_Supplied material:_
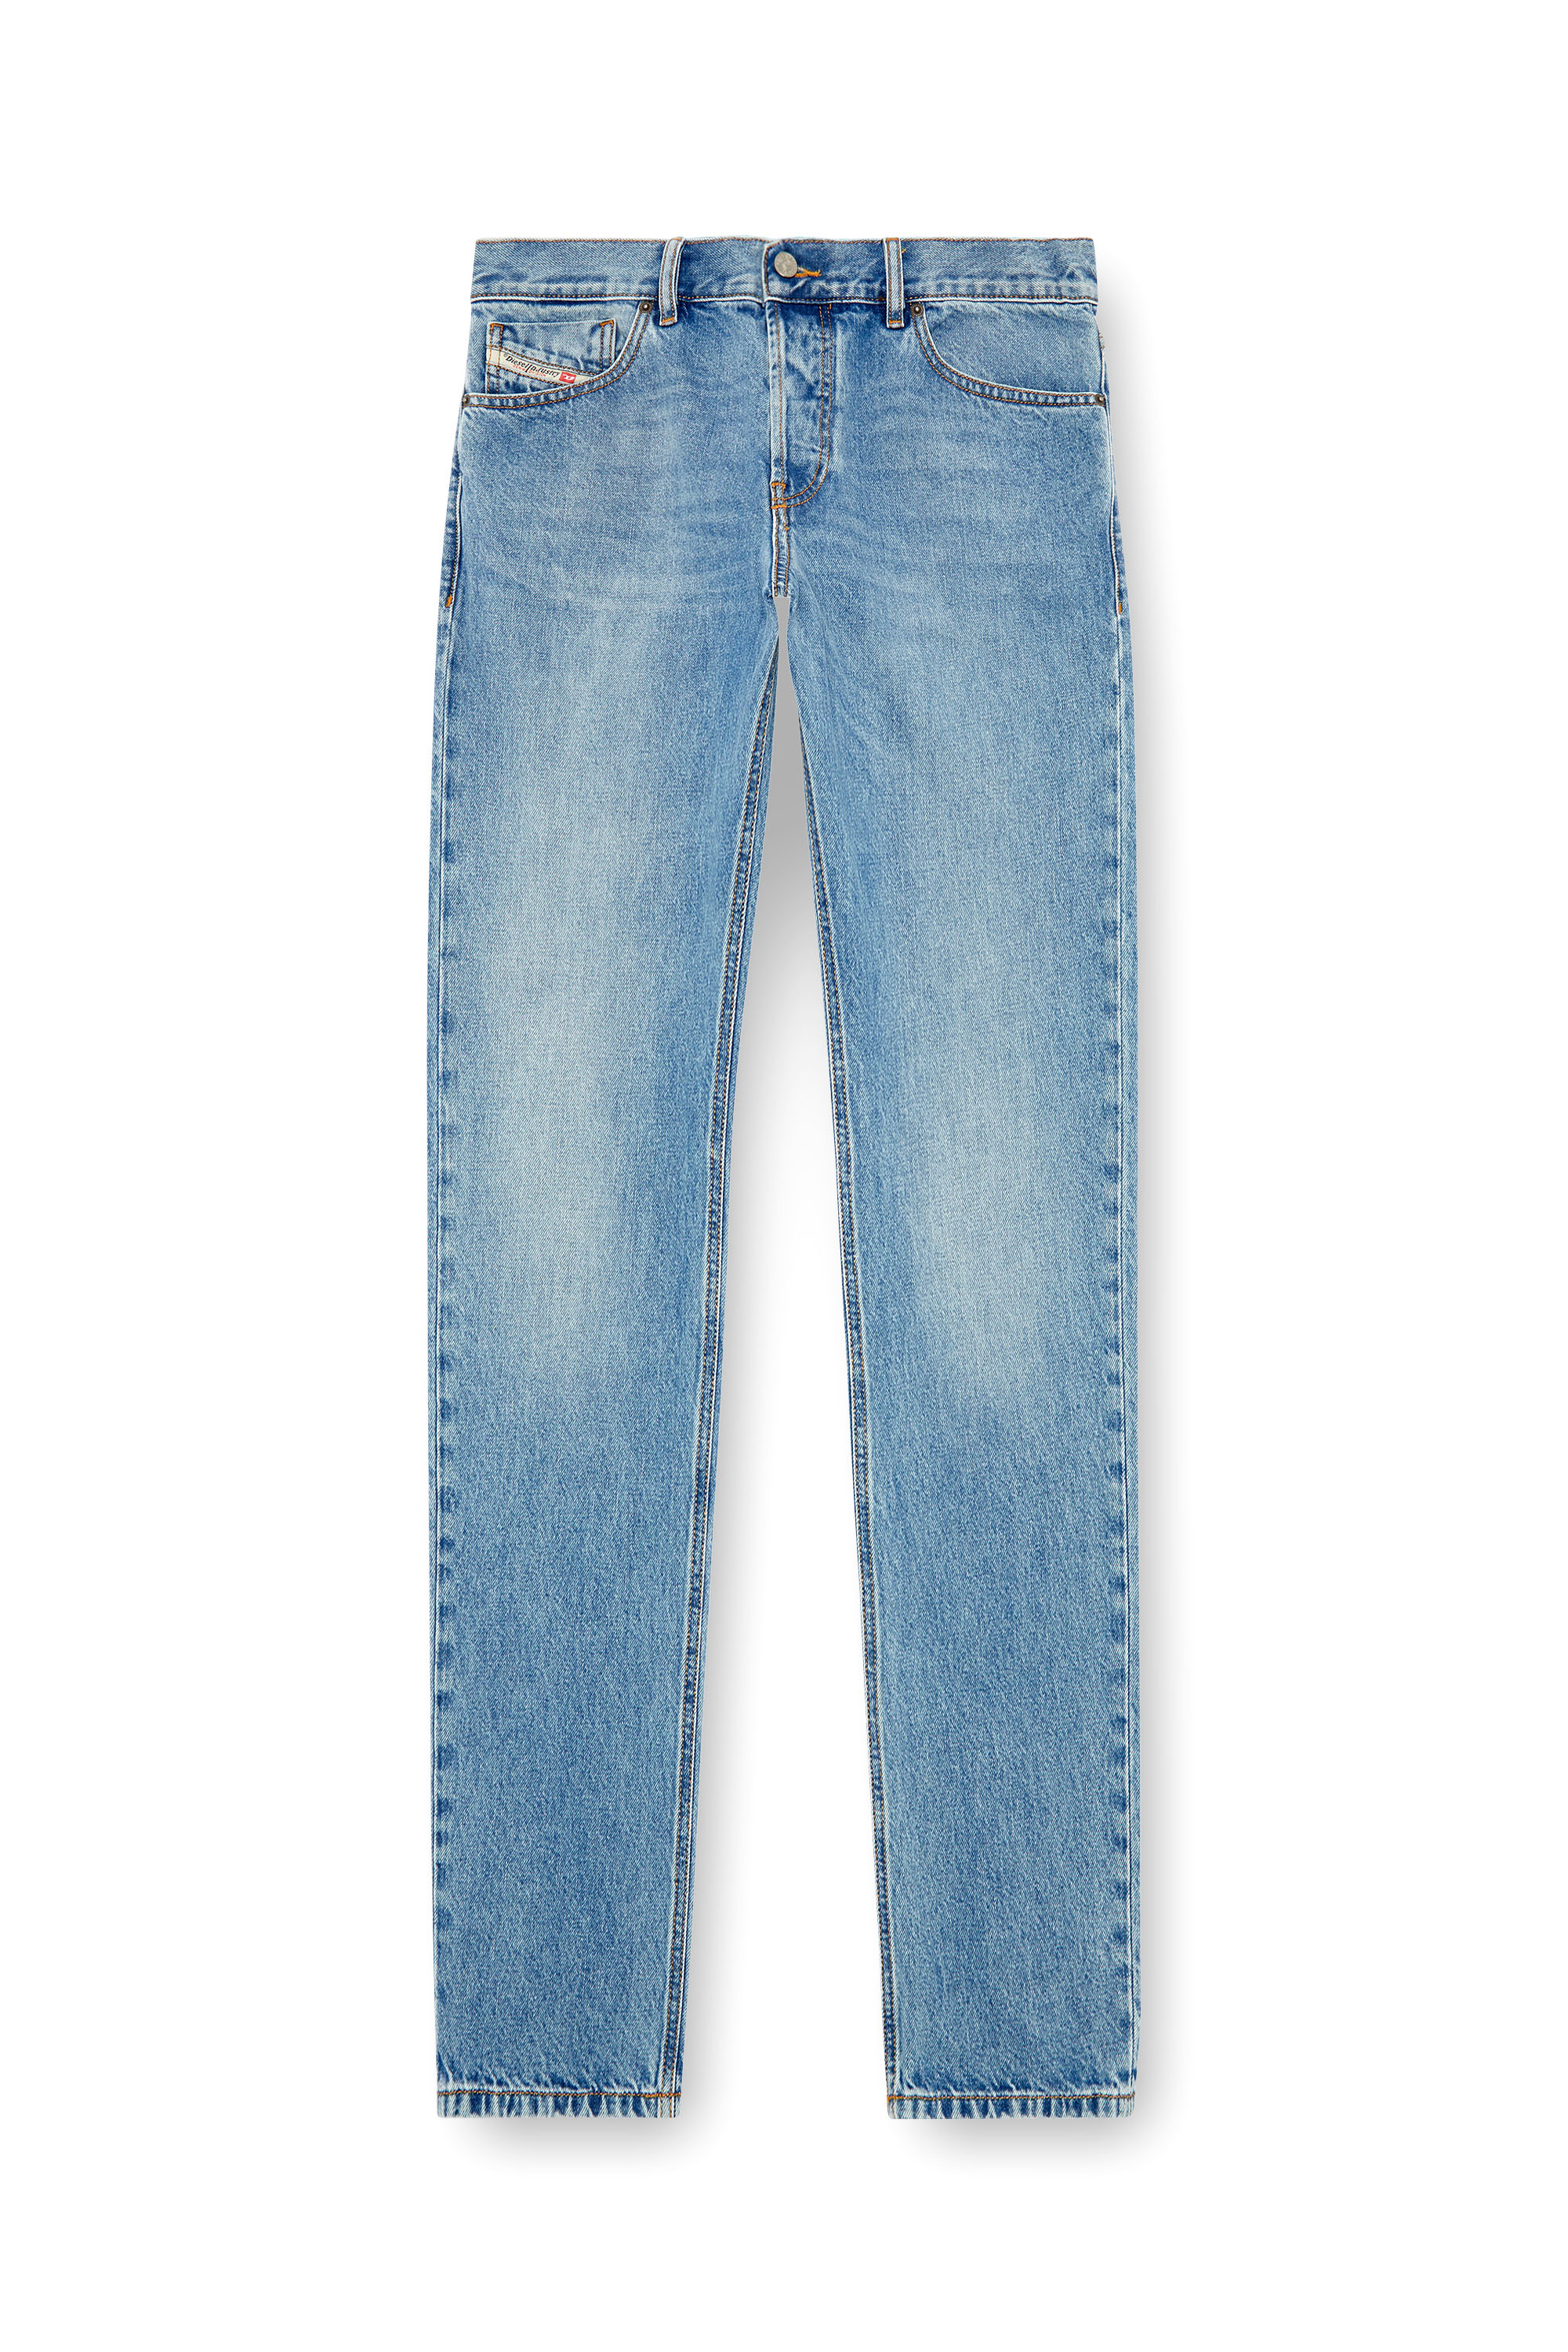 Men's Straight Jeans | Light blue | Diesel 1995 D-Sark
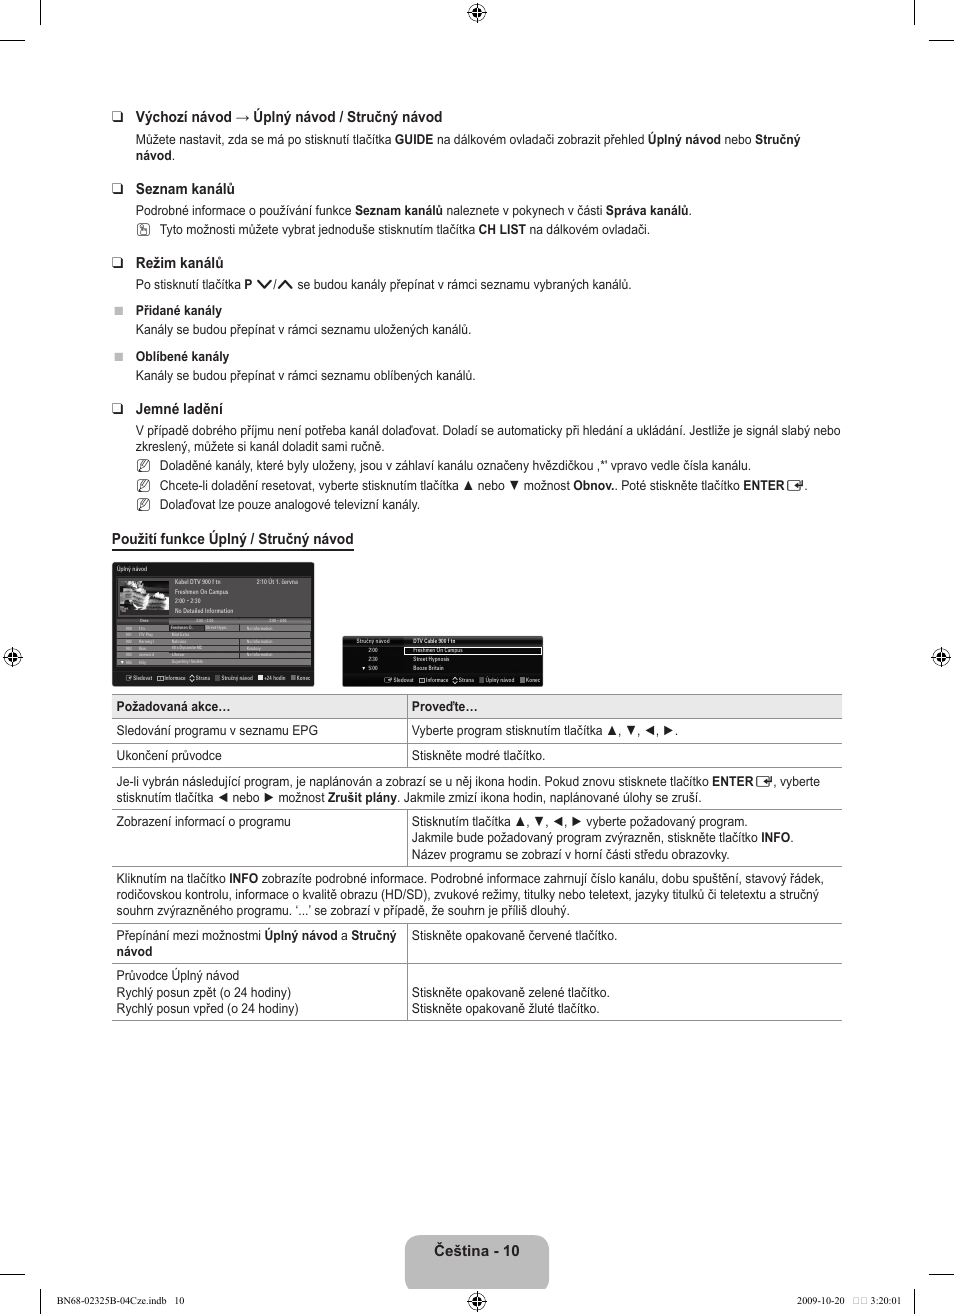 Seznam kanálů, Režim kanálů, Jemné ladění | Použití funkce úplný / stručný návod | Samsung LE37B650T2W User Manual | Page 420 / 680
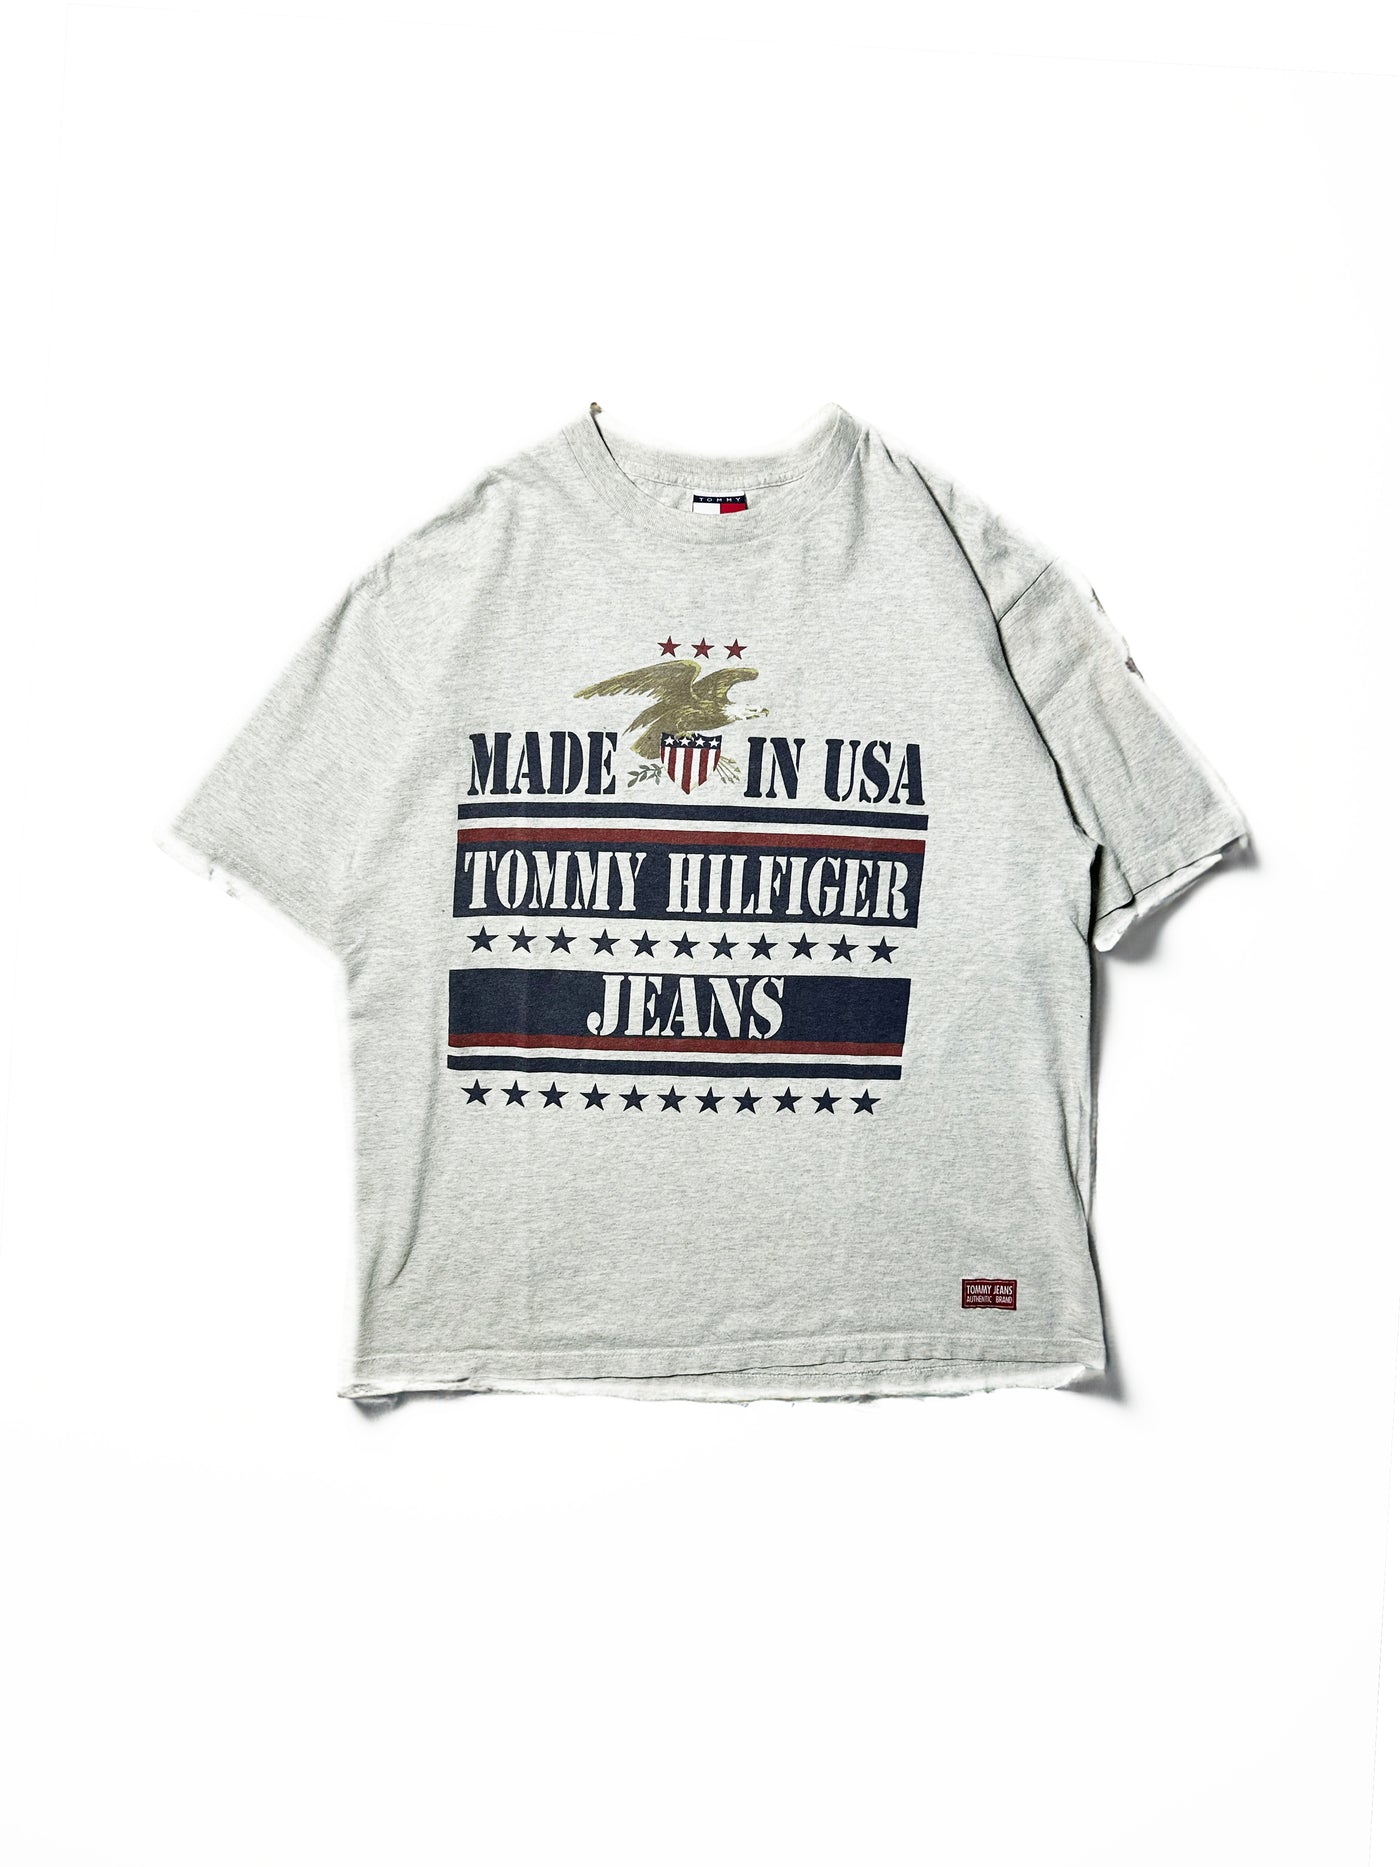 Vintage 90s Tommy Hilfiger Athletic T-Shirt

_Requirement:_ Reproduce the listing above from the line that contains "Seznam kanálů, Režim" through its final line, exactly and with nothing added. Omit the images.

_Answer box:_
 Seznam kanálů, Režim kanálů, Jemné ladění | Použití funkce úplný / stručný návod | Samsung LE37B650T2W User Manual | Page 420 / 680
 Vintage 90s Tommy Hilfiger Athletic T-Shirt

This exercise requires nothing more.